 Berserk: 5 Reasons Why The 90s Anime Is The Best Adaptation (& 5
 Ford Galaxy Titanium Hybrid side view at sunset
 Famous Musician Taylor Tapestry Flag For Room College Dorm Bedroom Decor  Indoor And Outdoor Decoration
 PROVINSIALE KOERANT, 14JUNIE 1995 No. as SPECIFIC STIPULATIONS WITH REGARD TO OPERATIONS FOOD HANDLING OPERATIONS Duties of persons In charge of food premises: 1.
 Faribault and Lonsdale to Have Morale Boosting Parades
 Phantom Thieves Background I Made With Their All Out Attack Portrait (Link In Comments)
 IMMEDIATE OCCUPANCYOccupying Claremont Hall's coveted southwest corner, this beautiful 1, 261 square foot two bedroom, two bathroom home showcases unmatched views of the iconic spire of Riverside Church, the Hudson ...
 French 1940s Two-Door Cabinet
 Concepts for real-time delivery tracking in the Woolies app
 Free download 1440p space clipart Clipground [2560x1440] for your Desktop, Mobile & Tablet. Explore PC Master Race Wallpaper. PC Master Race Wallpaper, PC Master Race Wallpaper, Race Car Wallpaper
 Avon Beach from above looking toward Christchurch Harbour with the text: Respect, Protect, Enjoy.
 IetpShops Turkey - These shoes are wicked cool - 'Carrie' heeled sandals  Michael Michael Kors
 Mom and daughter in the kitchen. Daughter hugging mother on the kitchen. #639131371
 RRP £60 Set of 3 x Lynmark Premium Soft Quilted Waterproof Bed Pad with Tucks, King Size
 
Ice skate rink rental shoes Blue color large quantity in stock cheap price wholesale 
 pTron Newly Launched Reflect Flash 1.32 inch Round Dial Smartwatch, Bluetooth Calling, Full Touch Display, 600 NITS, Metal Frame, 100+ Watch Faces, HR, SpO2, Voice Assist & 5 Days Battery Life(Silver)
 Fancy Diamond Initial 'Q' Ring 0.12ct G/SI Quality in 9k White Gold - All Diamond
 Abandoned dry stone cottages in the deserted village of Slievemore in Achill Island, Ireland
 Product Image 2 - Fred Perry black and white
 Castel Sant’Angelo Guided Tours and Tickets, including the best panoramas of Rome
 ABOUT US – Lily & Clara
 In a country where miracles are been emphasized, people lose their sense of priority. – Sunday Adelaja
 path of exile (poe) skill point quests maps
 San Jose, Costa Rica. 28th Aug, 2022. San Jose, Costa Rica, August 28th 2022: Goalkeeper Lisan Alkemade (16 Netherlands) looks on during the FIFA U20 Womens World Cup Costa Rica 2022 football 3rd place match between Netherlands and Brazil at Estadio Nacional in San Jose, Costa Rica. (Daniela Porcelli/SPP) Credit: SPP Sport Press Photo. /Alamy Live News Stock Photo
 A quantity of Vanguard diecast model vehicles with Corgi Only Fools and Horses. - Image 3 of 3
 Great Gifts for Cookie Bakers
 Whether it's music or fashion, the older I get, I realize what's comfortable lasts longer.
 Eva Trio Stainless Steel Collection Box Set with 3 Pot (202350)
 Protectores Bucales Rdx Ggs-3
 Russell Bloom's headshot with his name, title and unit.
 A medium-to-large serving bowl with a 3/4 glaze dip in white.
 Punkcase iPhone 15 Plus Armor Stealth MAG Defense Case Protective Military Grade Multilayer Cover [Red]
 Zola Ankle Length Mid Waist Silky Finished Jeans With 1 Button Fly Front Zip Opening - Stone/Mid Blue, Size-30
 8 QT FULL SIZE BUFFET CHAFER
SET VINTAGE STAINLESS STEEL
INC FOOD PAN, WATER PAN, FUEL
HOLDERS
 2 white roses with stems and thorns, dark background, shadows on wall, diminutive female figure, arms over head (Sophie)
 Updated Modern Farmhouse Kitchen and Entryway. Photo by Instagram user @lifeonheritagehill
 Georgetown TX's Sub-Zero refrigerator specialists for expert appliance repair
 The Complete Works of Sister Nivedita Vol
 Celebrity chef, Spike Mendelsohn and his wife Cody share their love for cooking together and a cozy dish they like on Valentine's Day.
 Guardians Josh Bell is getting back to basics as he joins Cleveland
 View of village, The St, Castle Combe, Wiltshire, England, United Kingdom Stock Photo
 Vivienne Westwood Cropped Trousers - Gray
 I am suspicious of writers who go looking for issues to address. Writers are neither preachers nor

WORK INSTRUCTIONS - Show the lines of the data that hold the word "quantity".

ANSWER BOX -
Ice skate rink rental shoes Blue color large quantity in stock cheap price wholesale 
 A quantity of Vanguard diecast model vehicles with Corgi Only Fools and Horses. - Image 3 of 3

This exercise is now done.